Collected data:
-=-=-=-=-

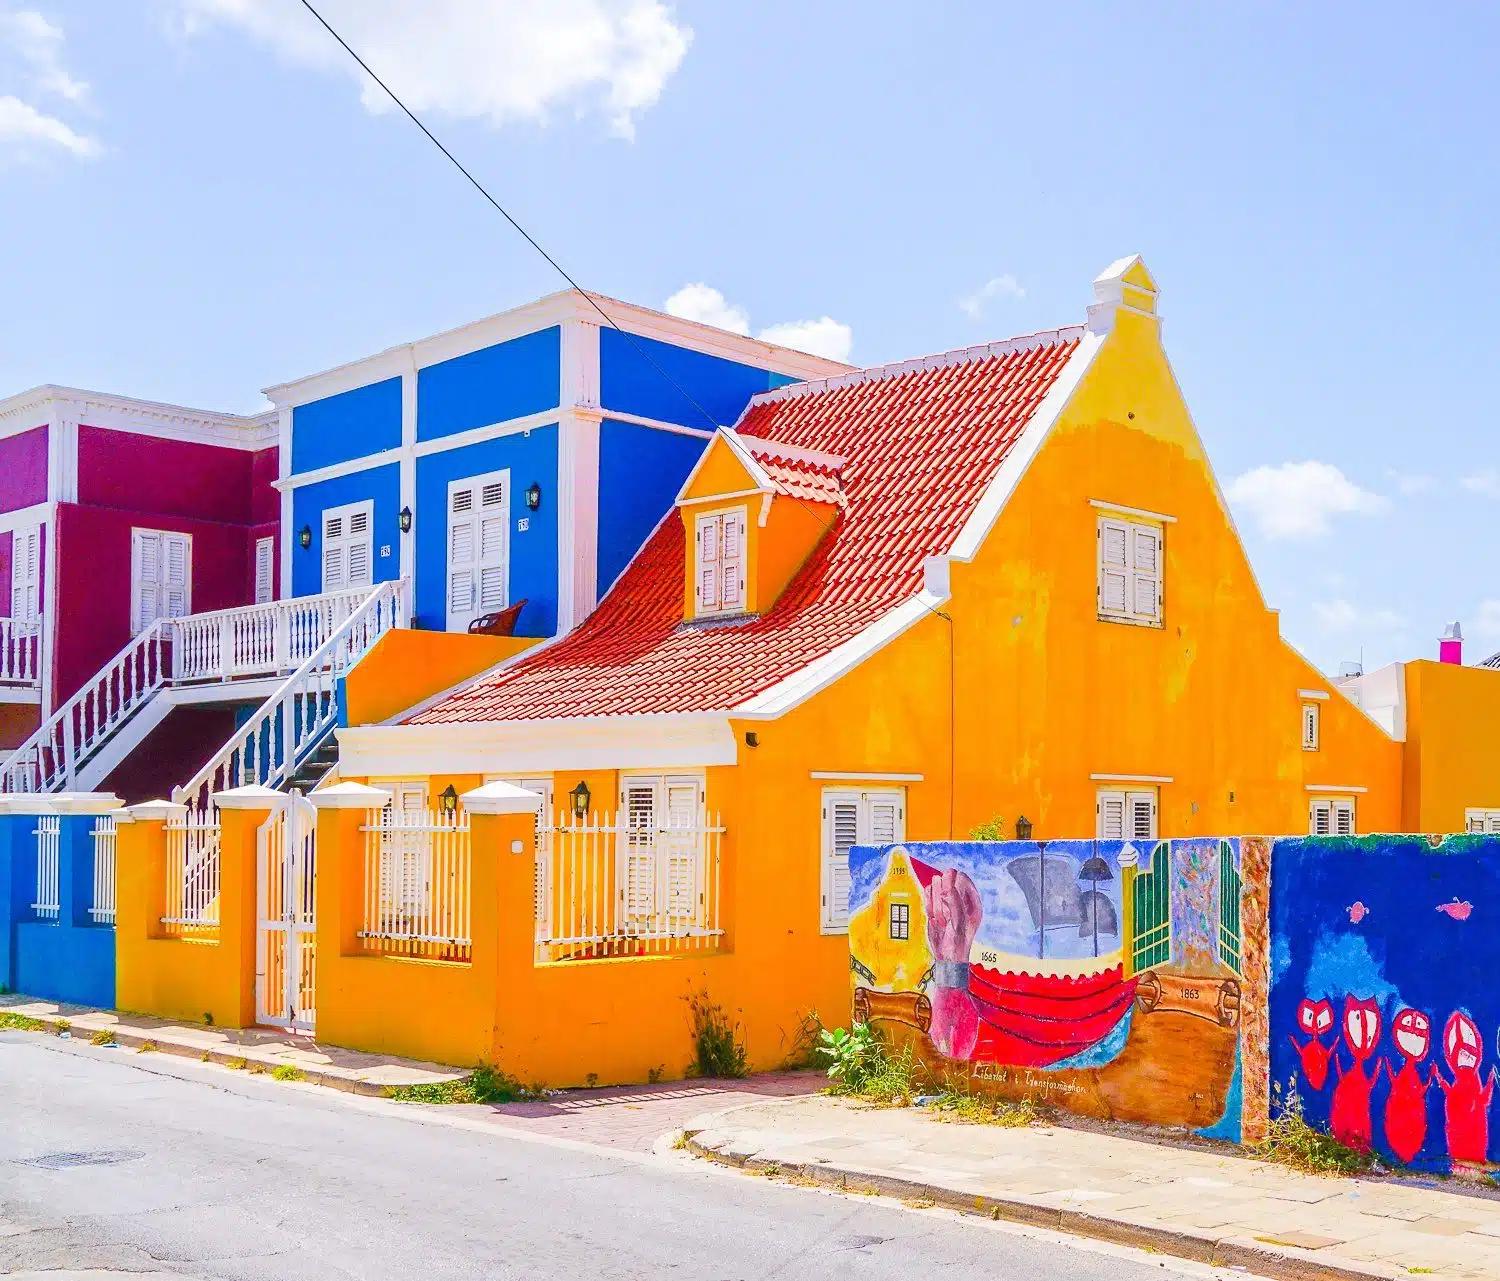 So bright and happy, Curaçao!
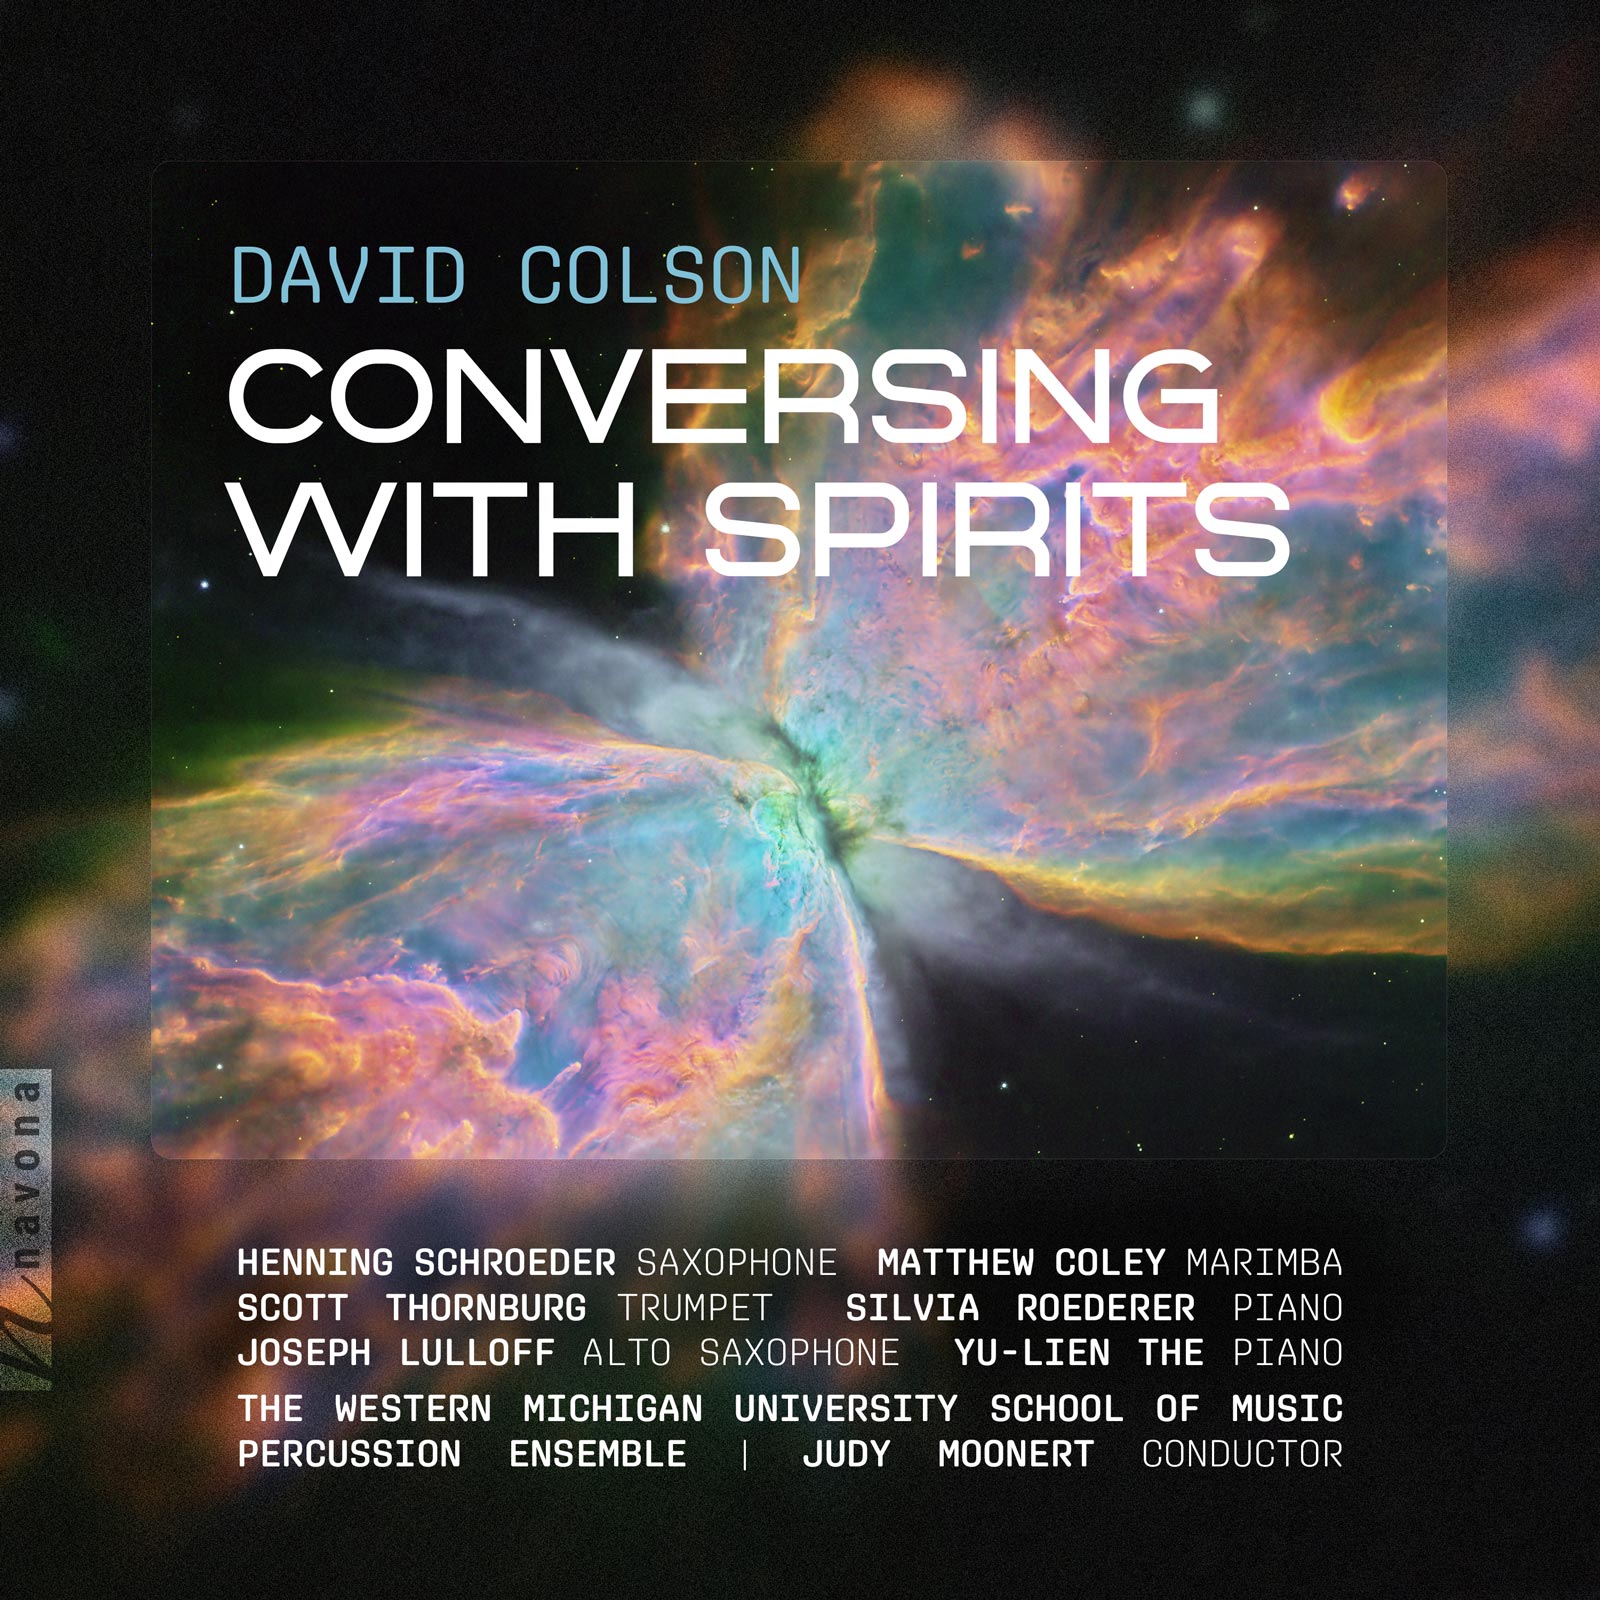 CONVERSING WITH SPIRITS
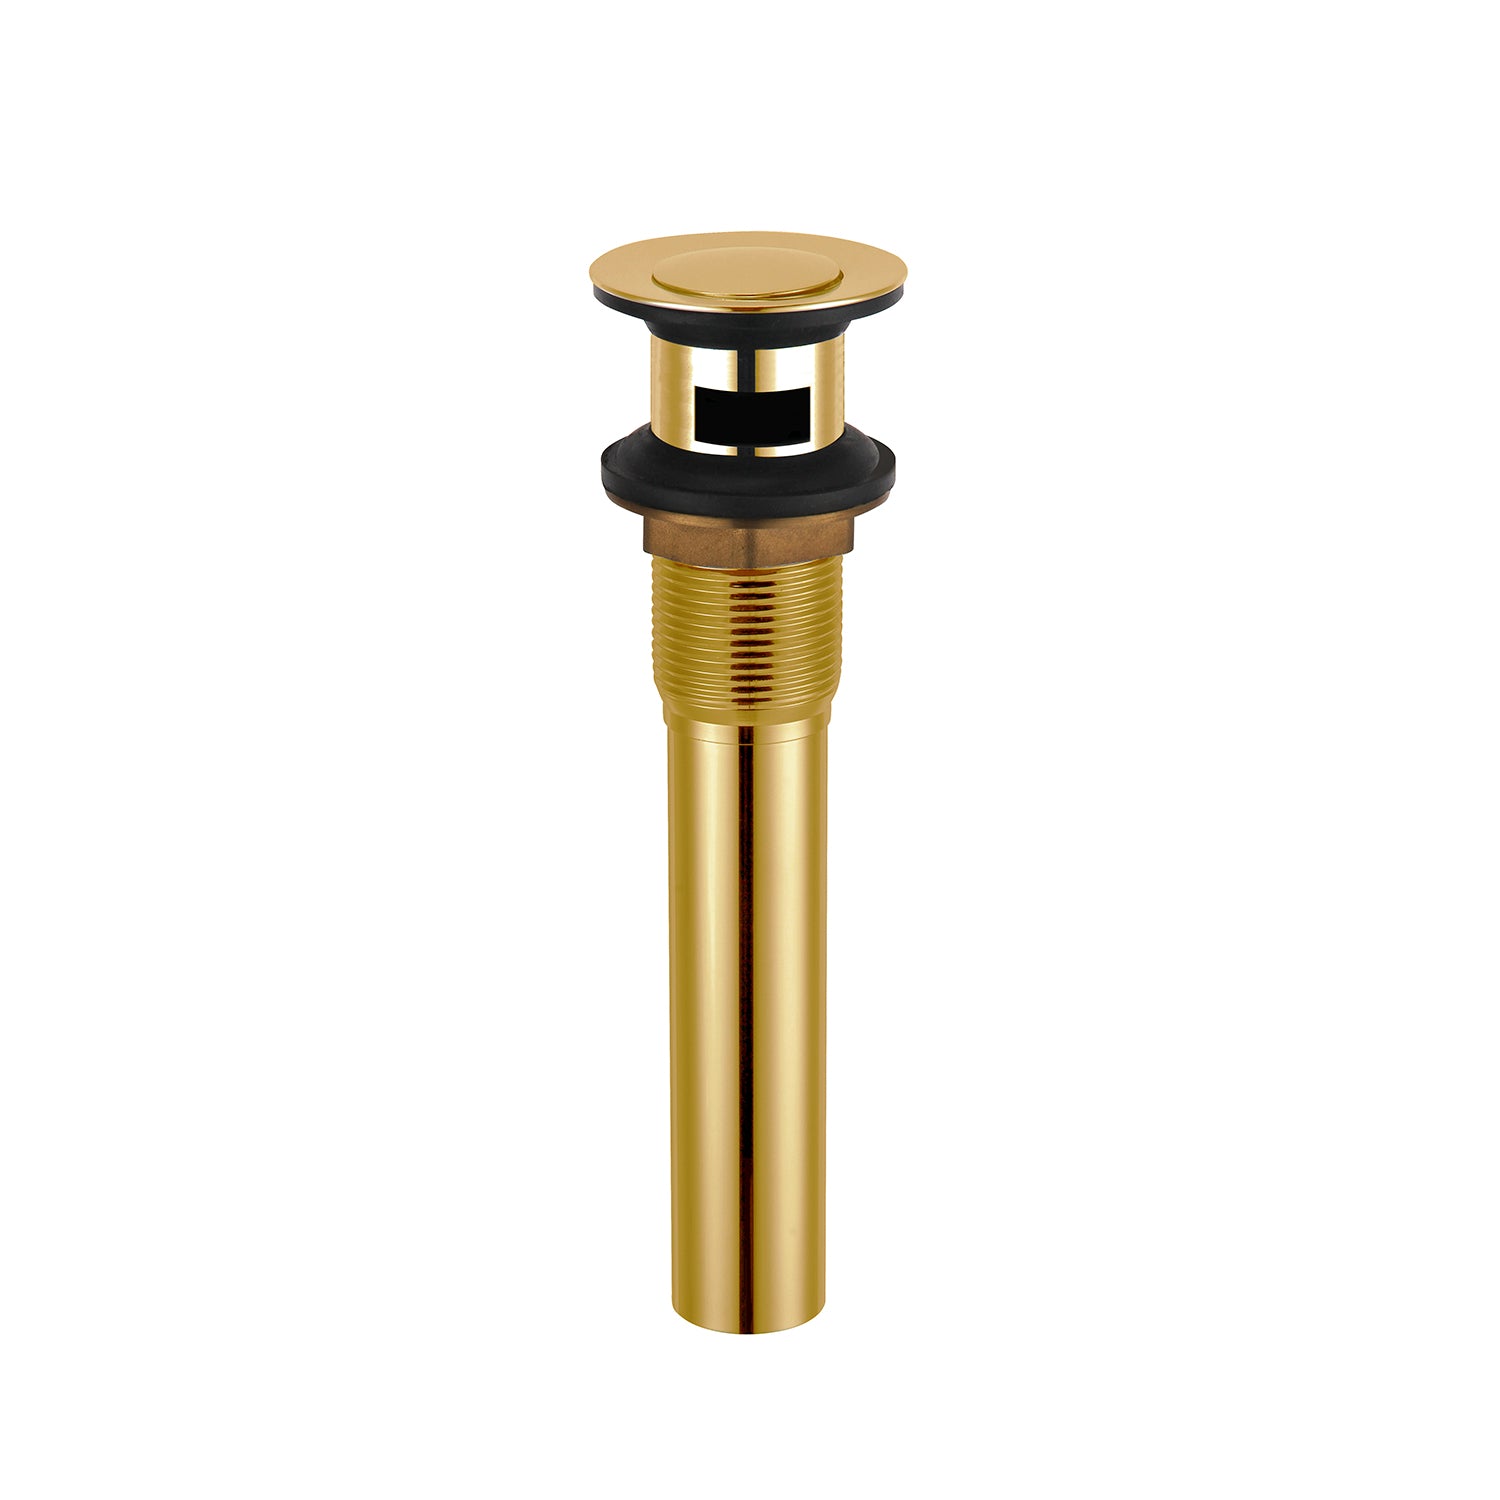 DAX Round Vanity Sink Pop up Drain with Overflow - Brushed Gold (DAX-82019-BG)

-=-=-=-=-

Exercise: Restate every line of the data above word for word, with the images removed.

Output for this task:
 So bright and happy, Curaçao!
 CONVERSING WITH SPIRITS
 DAX Round Vanity Sink Pop up Drain with Overflow - Brushed Gold (DAX-82019-BG)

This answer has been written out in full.